Patel was criticised for his handling of the assassination of right-wing influencer Charlie Kirk (Photo: J Scott Applewhite/AP)Senator Dick Durbin, the top Democrat on the Judiciary Committee, accused Patel of being “so anxious to take credit for finding Mr. Kirk’s assassin that he violated one of the basics of effective law enforcement: at critical stages of the investigation, shut up and let the professionals do their job”.
The Atlantic article is now seen by many in Washington as the last nail in Patel’s political coffin. Trump is widely expected to defenestrate the FBI Director within days. Indeed, the report suggests that Patel “is deeply concerned his job is in jeopardy” and “has good reasons to think so”.

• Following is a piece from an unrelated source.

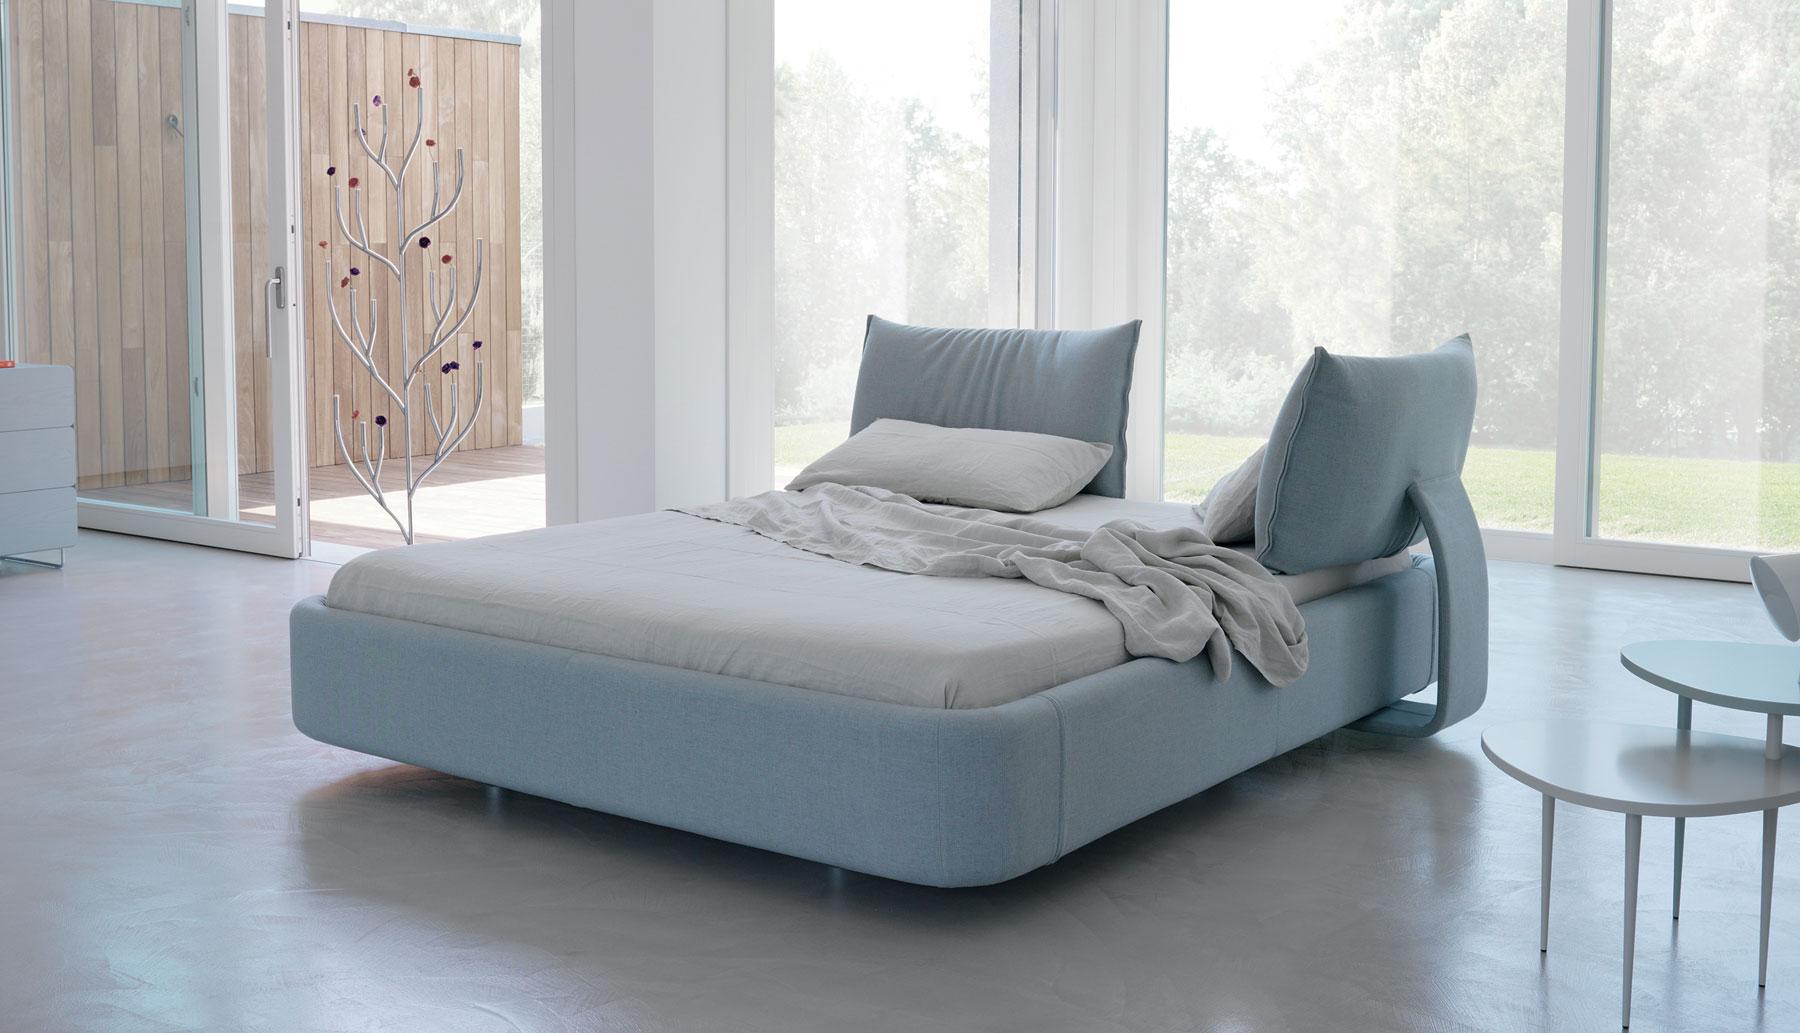 letto-quaela-caccaroF49EC828-4B58-2E34-6938-E620C7A4D5A0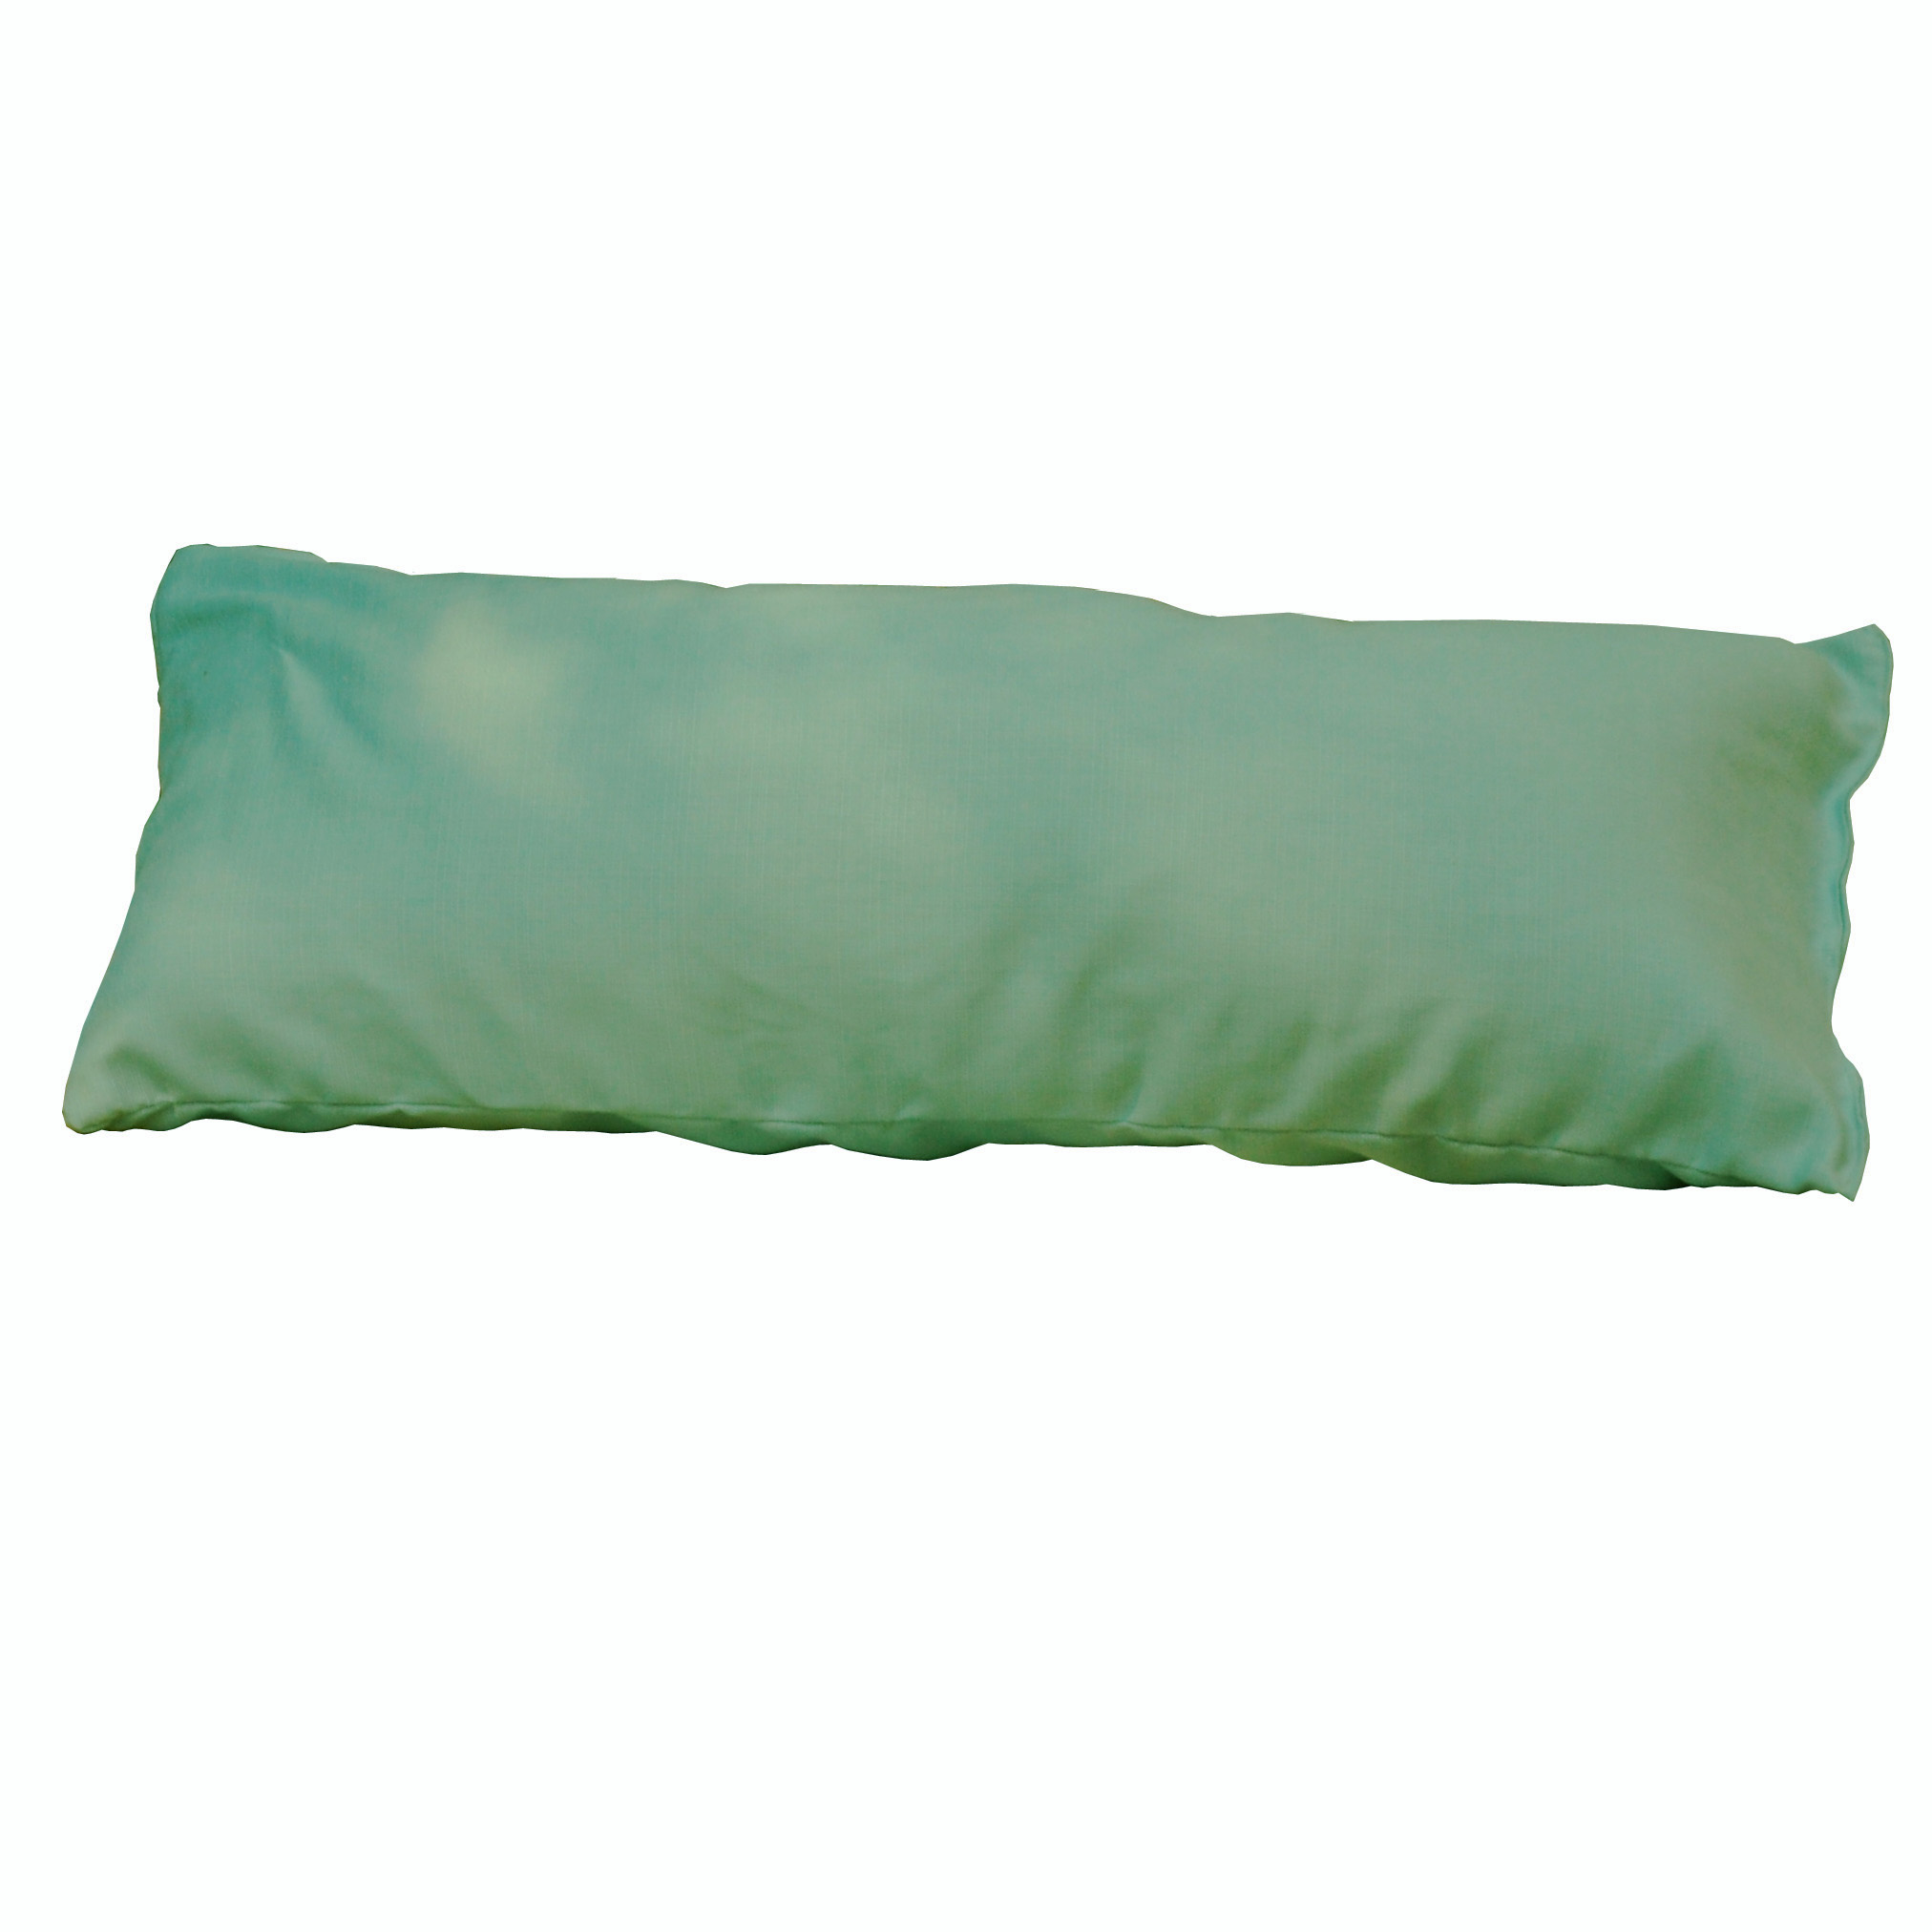 Deluxe Hammock Pillow - Robin Egg

Those reasons include fears that the FBI Director’s alleged conduct may even pose a national security risk to the Trump administration. Last month, hackers from Handala, a hacking group with ties to Iran, broke into Patel’s personal e-mail account and published years of his e-mails and photos online. The images included a shot of Patel holding a large of bottle of rum, a snap that may no longer look as anodyne as it did when it first entered the public domain.
Patel’s woes also raise questions for the Prime Minister. The UK Government shares intelligence on a routine basis with the US, remains a member of the “Five Eyes” intelligence sharing alliance, and may be pondering how much longer it can trust Britain’s secrets with an FBI Director now facing serious and growing allegations against him.
As Trump spent the weekend in the Oval Office, Washington reporters were regularly checking his social media feed for any word about Patel’s future. It appears to be untenable.
Like former homeland security secretary Kristi Noem and former attorney general Pam Bondi, the FBI Director’s usefulness to the President may have passed its expiry date.